BASHIR: But, Chris, they're not- But, Chris, they're not- Chris, they're not just stopping with him, are they? Because they've gone for the First Lady as well, with individuals criticizing her choice of food for the White House Super Bowl party, suggesting she doesn't seem to be listening to her own campaign against obesity. Again, you said, in one of your commentaries you saw this as a malicious, ethnic attack. What did you mean by that?

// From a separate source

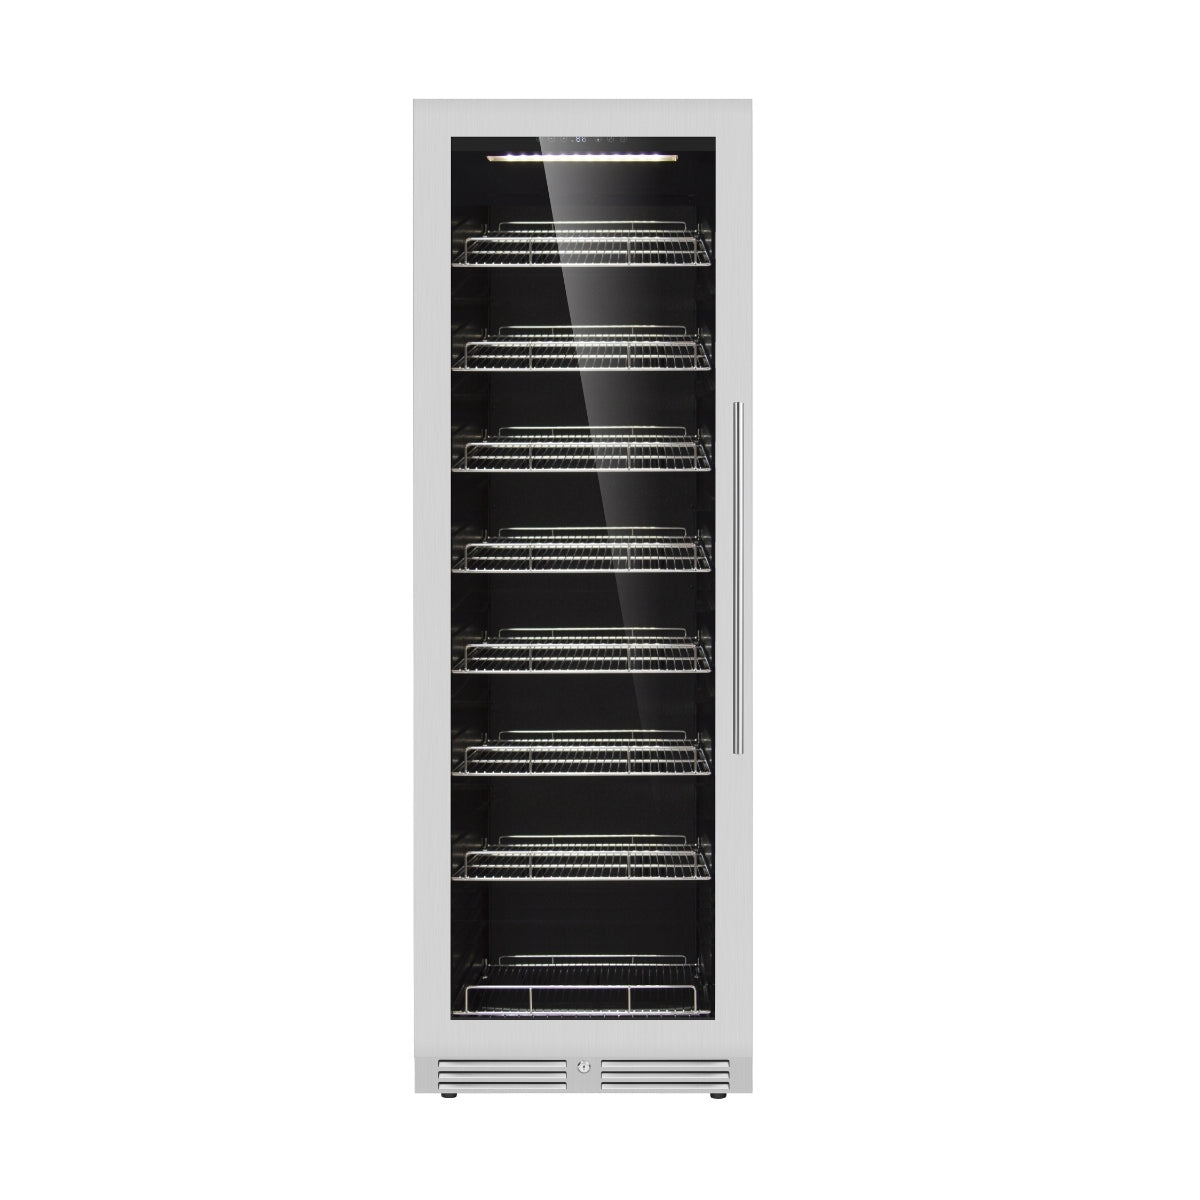 Large Beverage Refrigerator With Low-E Glass Door

MATTHEWS: Well, I think that- Let me just, first of all, make it clear: 80 percent of this country has behaved in this whole process of looking at Barack Obama, judging him as a possible president, beautifully. They have done it post-tribally. They have not said oh, he's got a name Hussein, his wife's African-American. They say, you know what? We need a hot hand. Just like when you pick a basketball player or a football player or any kind of person to perform, a CEO, you look for the person who might be the best at the job. That's so American. And they look at him and say, you know, he's a better bet than McCain. That's a simple fact. This guy's a better bet to bring this country back and lead us into the future than John McCain. There's nothing wrong with John McCain, except this guy's a better bet. That's a great, American way to chose. Who do you put in the game? The guy's that going to score the points. Who you going to put out to lead the country? He's the best bet right now, I think, personally, looking at field. There may be some other candidates that come along the way that grab my attention, but in all objective honesty, he's got some talent. He's been very useful.
BASHIR: Chris Matthews, Chris, I gotta draw you to a close, but that's the best pep talk I've heard for a long time. So, thank you so much.